Le public bien présent aurait pu être plus nombreux, la faute à cette date placée un jeudi soir de l’Ascension, drôle d’idée du tourneur…Cela dit, la masse vivace de la salle a joui de chaque seconde de ce concert maîtrisé de bout en bout. Déjà, le son : Parfait, comme (presque) toujours dans cette salle mythique. Ensuite, le jeu des musiciens, réglé comme un coucou, a assuré une prestation digne des plus grands. Aucun couac ni problème technique ne sont venus gâcher la fête. Pourtant, Dieu sait que la musique d’Arena ne manque pas de chausse-trappes rythmiques ou harmoniques ! La palme revient à John Mitchell, guitariste harmonieux habité de mélodies efficaces et lyriques. Le nouveau Gilmour (Pink Floyd) ? le nouveau Rothery (Marillion) ? Assurément. Ce n’est pas pour rien que tous se l’arrachent dans le petit monde du rock progressif, en attendant que sa renommée dépasse ce microcosme, naturellement. Médaille d’argent à Paul Manzi, très à son aise dans l’interprétation de cette œuvre maîtresse pourtant exprimée jadis par Paul Wrightson. Mais le bonhomme est bon, très bon et il le sait. Ainsi, son charisme peut se déployer et personne, vraiment personne, dans la salle, n’aurait osé exprimer un regret face à cet état de fait. Après plus de vingt ans de carrière, Arena tient son meilleur chanteur. Il ne faudra pas le laisser filer !

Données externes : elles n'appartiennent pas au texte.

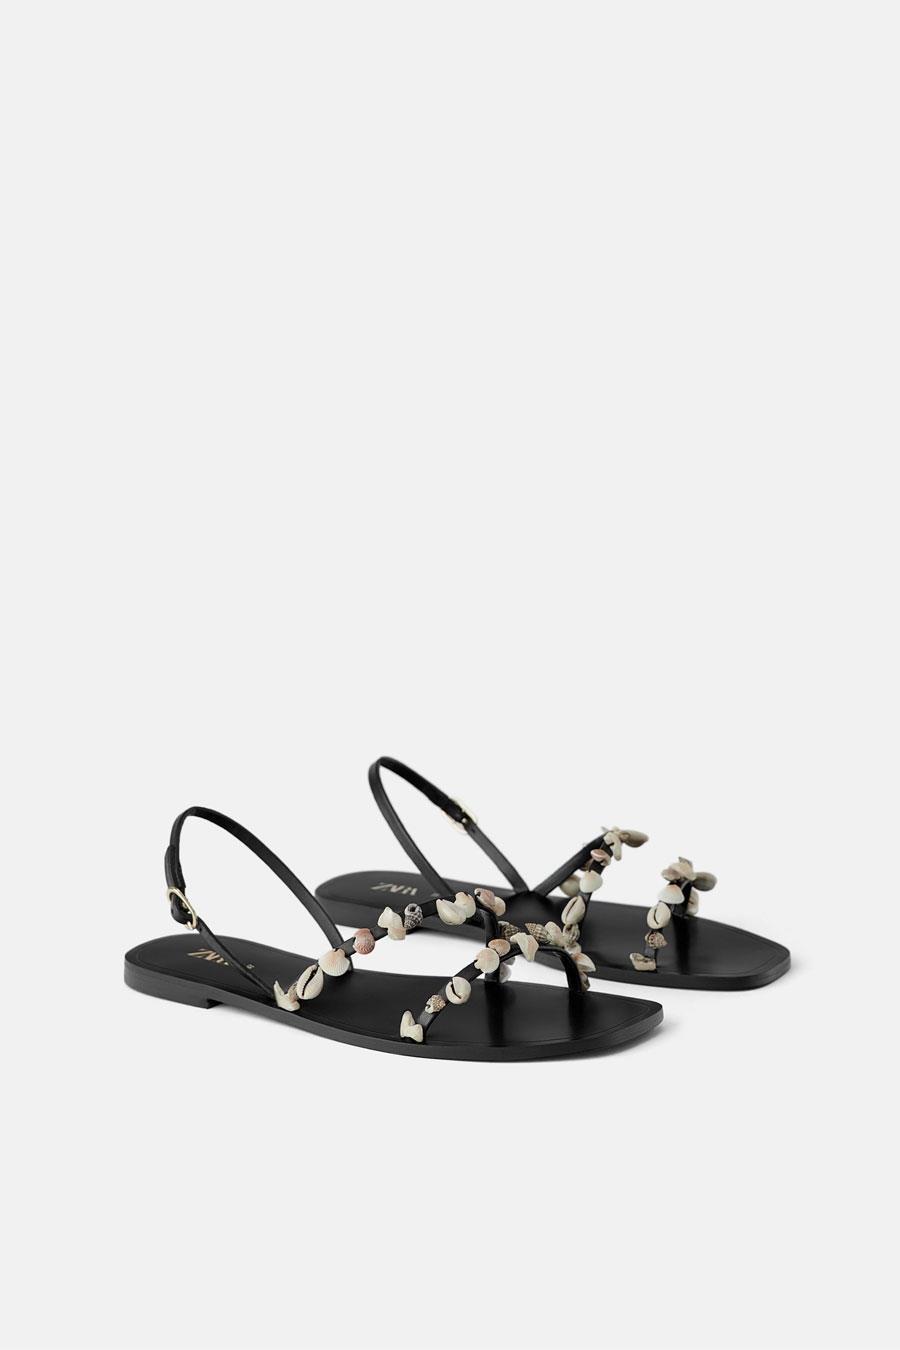 d7fcf670 81 / 782. Sandalias con conchas de Zara
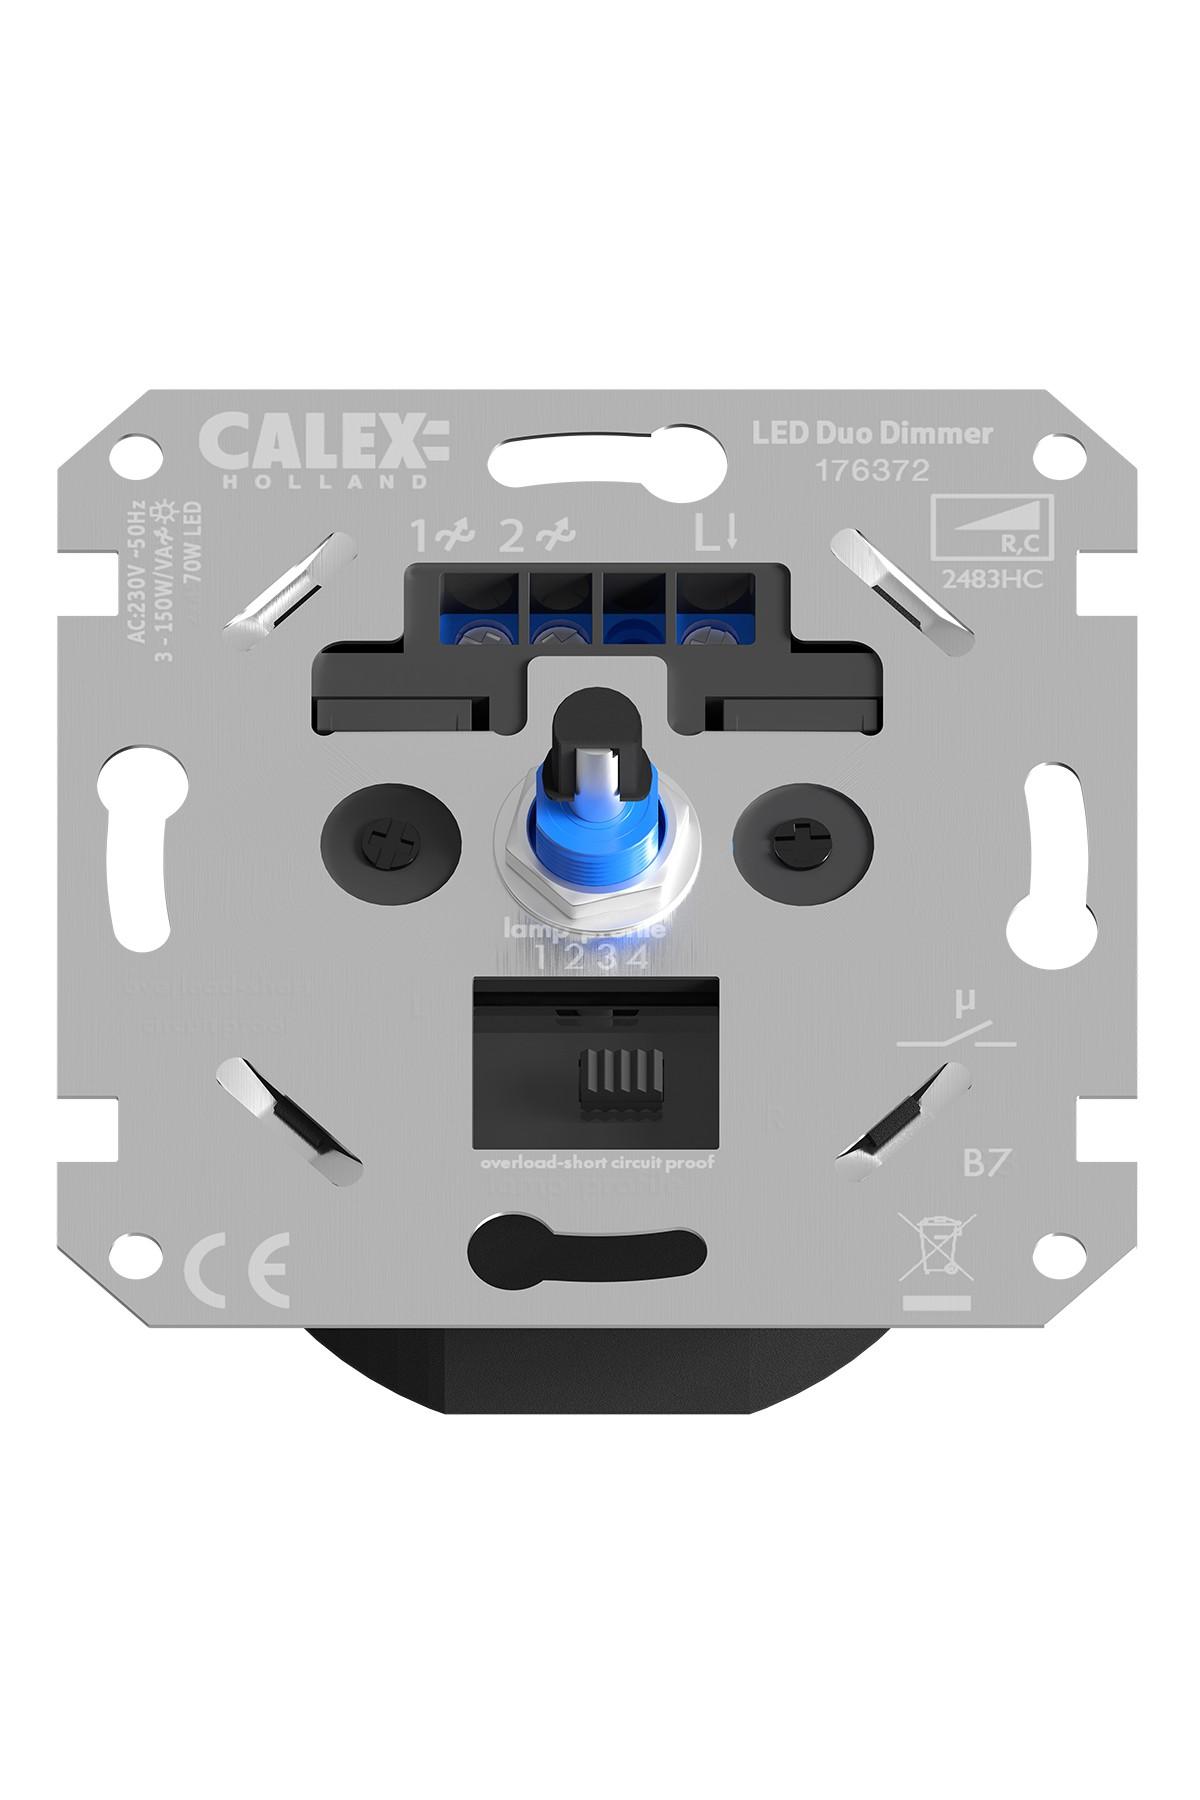 CALEX LEDDIMMER 230V LED-70W GLS-150W

L’intégralité de The Visitor a été exécutée avec une maestria indiscutable alors qu’ on pouvait craindre une baisse de régime. Que nenni. Arena a su puiser dans ses meilleurs albums (le premier, le second et The Seventh Degree of Separation) pour asseoir son statut de très bon groupe de scène. Plus deux inédits offerts en pâture à un public déjà conquis, un « Solomon » (toujours) d’anthologie, quelques rappels bien sentis et les deux heures sont passées aussi vite qu’une bière blanche par temps de canicule. Il semblerait qu’Arena ne fasse qu’entamer une seconde partie de carrière, revigorée par le sang neuf apporté par ces recrues essentielles. Pour cette incursion au pays de Friedrich Dürrenmatt, on n’a pas eu droit à La Visite de la vieille dame, ni même à La Panne. Romulus le Grand.